Write out the lines of the material below exactly, beginning at the line with "Mint Neon Experimental" and stopping after the line with "Colorblock Knit Wool", and leave out the pictures.

• [INFORMATION GIVEN]
-------

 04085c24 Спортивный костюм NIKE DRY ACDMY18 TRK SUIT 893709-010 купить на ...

-------

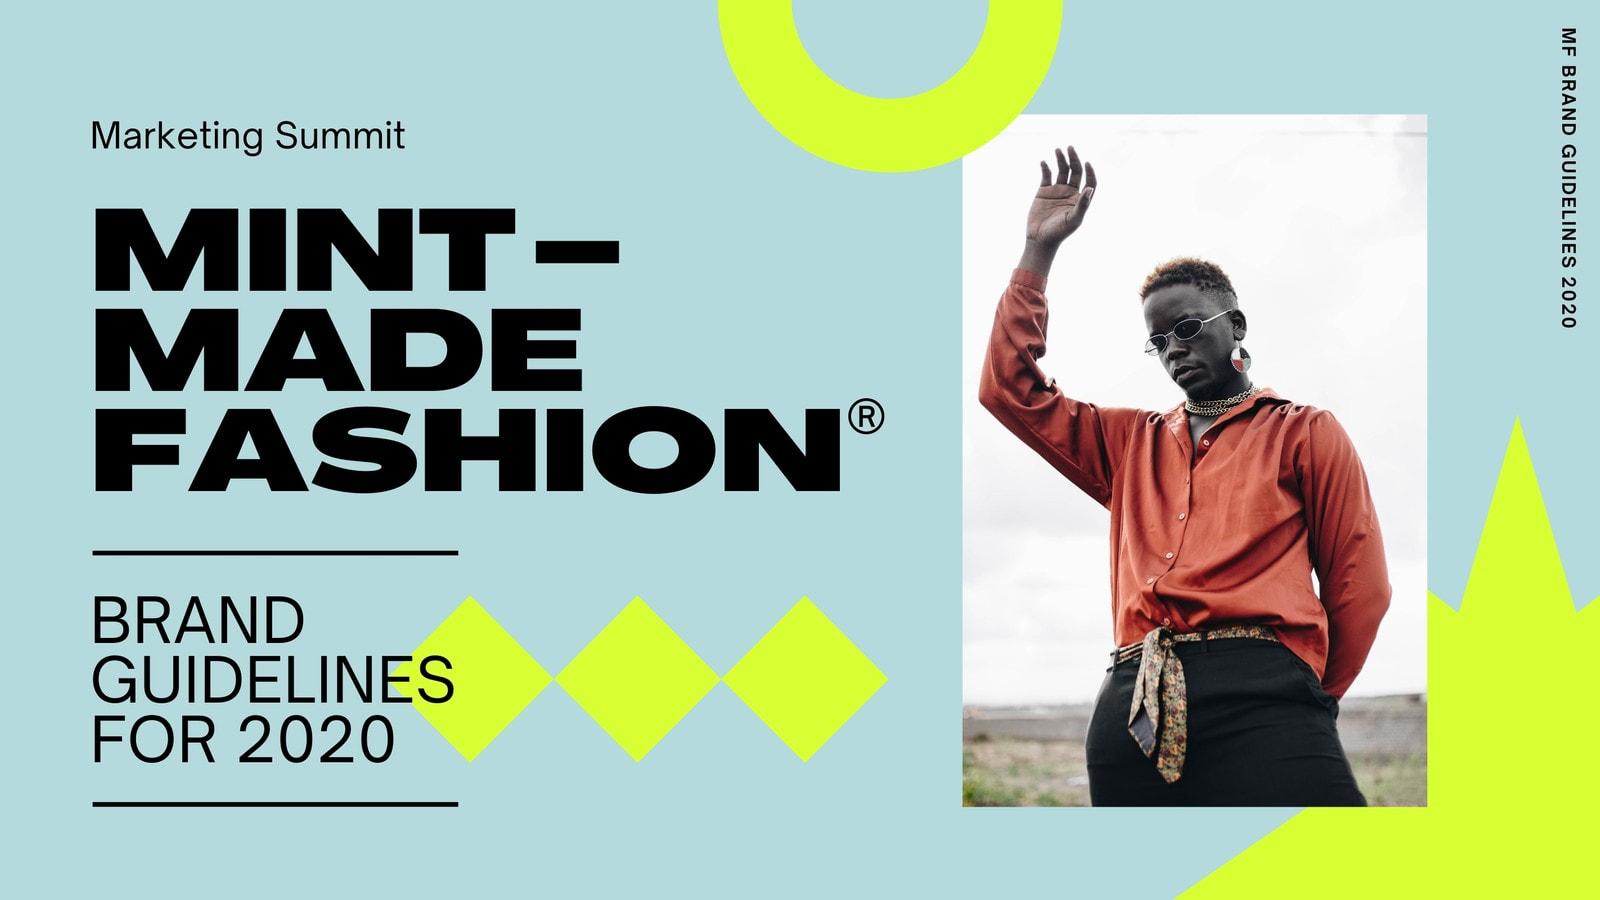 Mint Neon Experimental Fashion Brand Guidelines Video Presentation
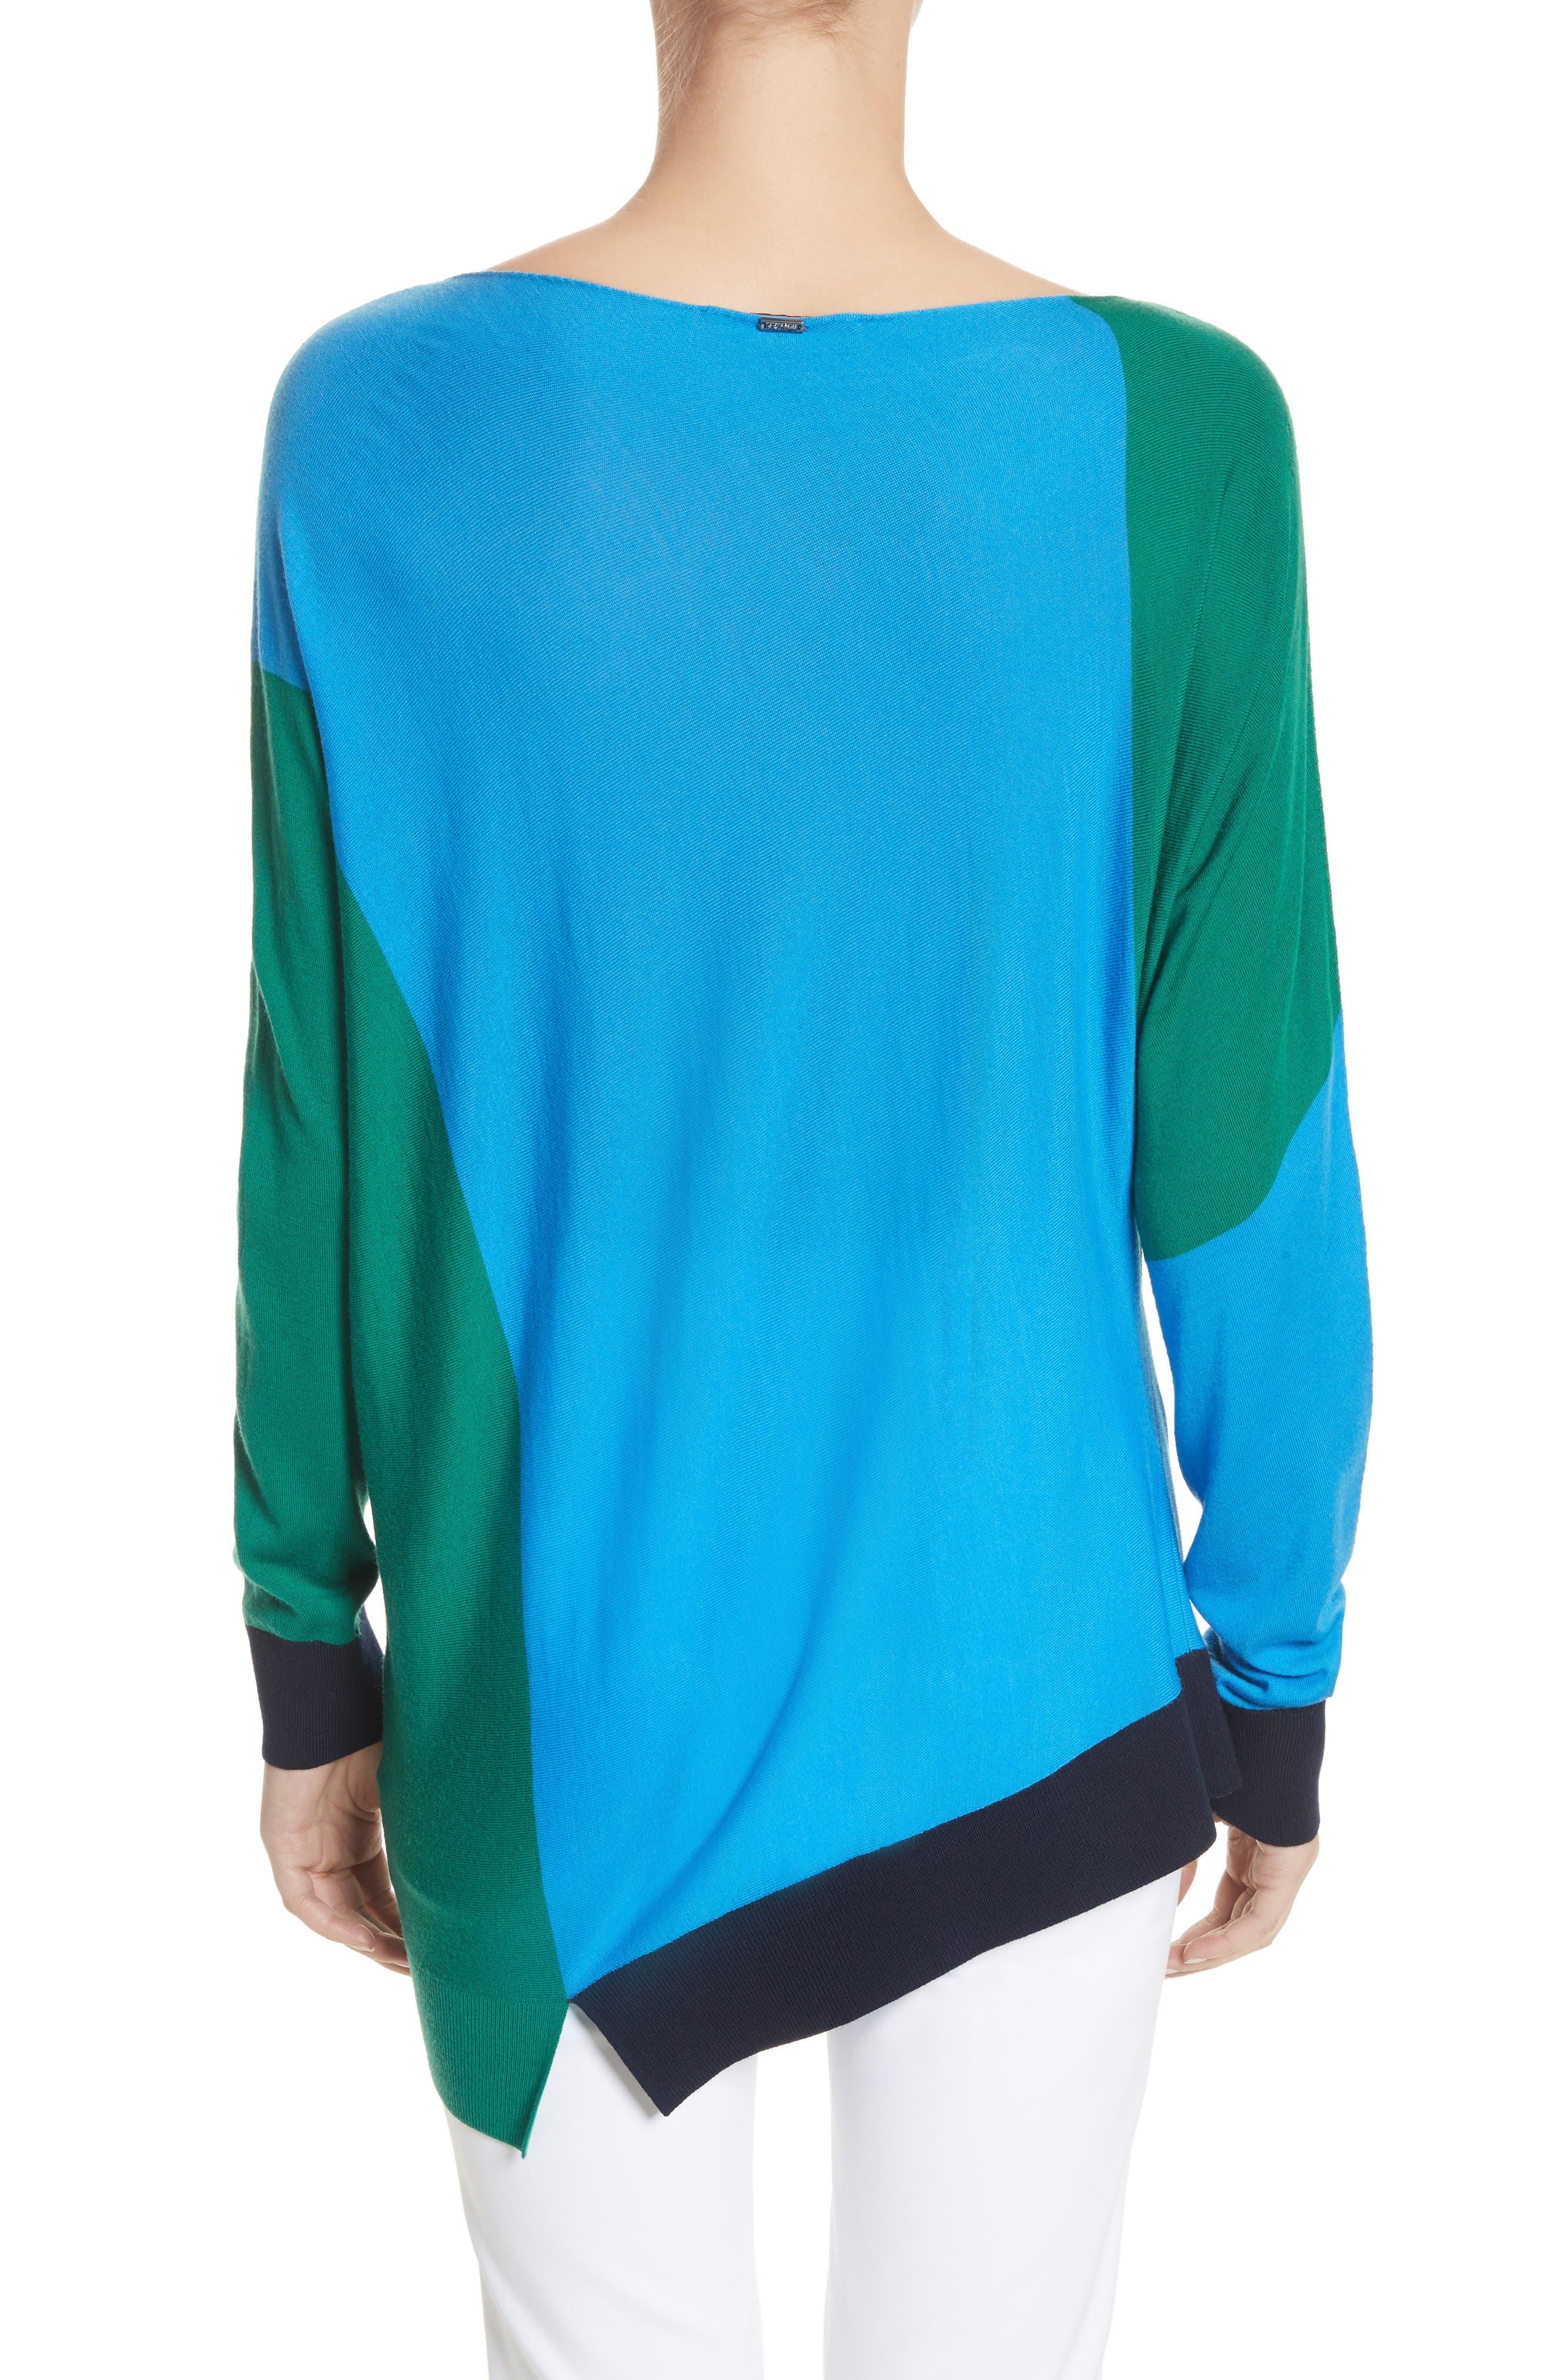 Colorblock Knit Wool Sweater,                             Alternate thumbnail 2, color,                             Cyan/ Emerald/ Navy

-------

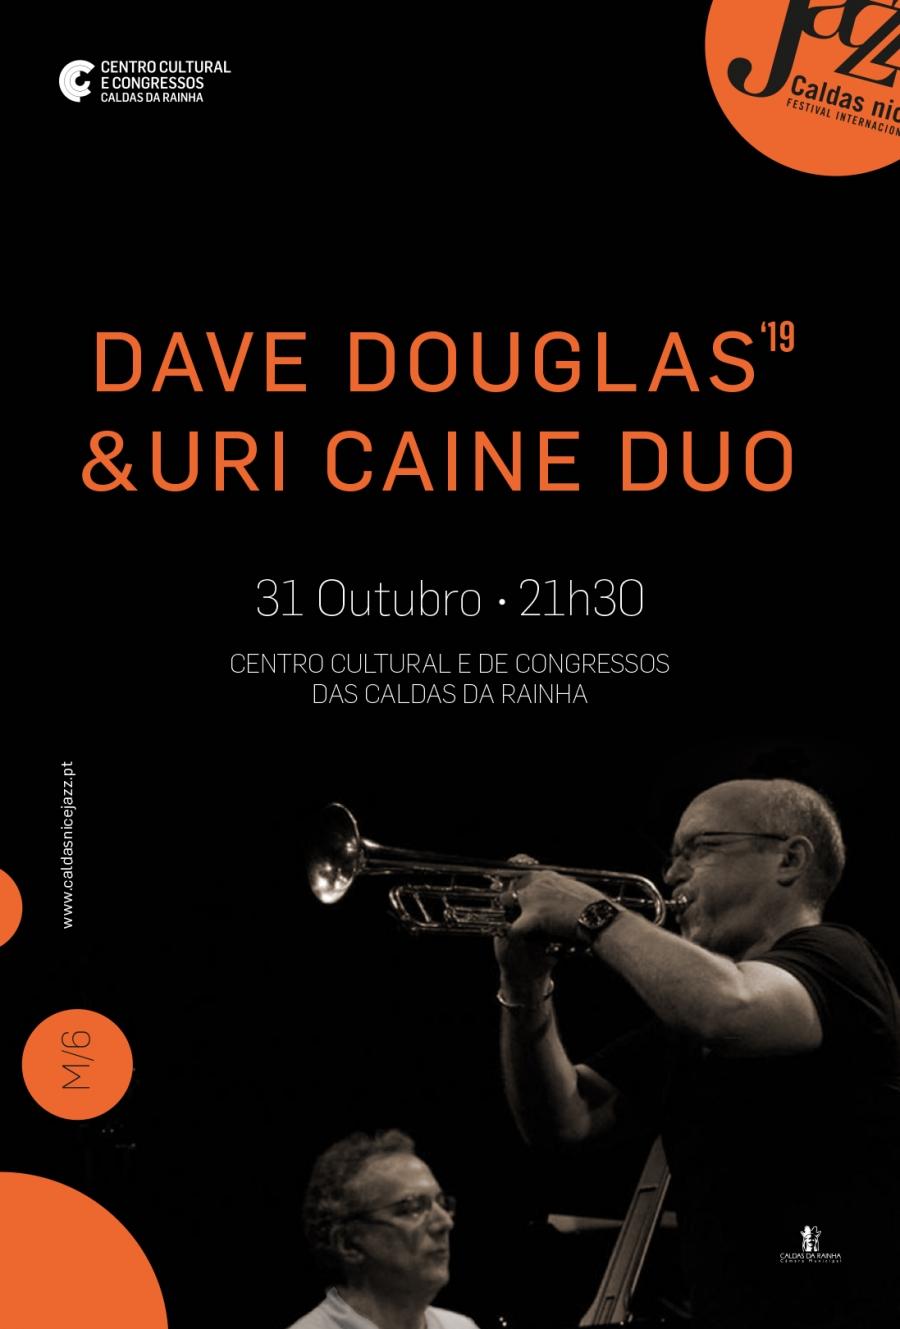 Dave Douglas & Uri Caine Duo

-------

• [WRITTEN ANSWER]
 Mint Neon Experimental Fashion Brand Guidelines Video Presentation
 Colorblock Knit Wool Sweater,                             Alternate thumbnail 2, color,                             Cyan/ Emerald/ Navy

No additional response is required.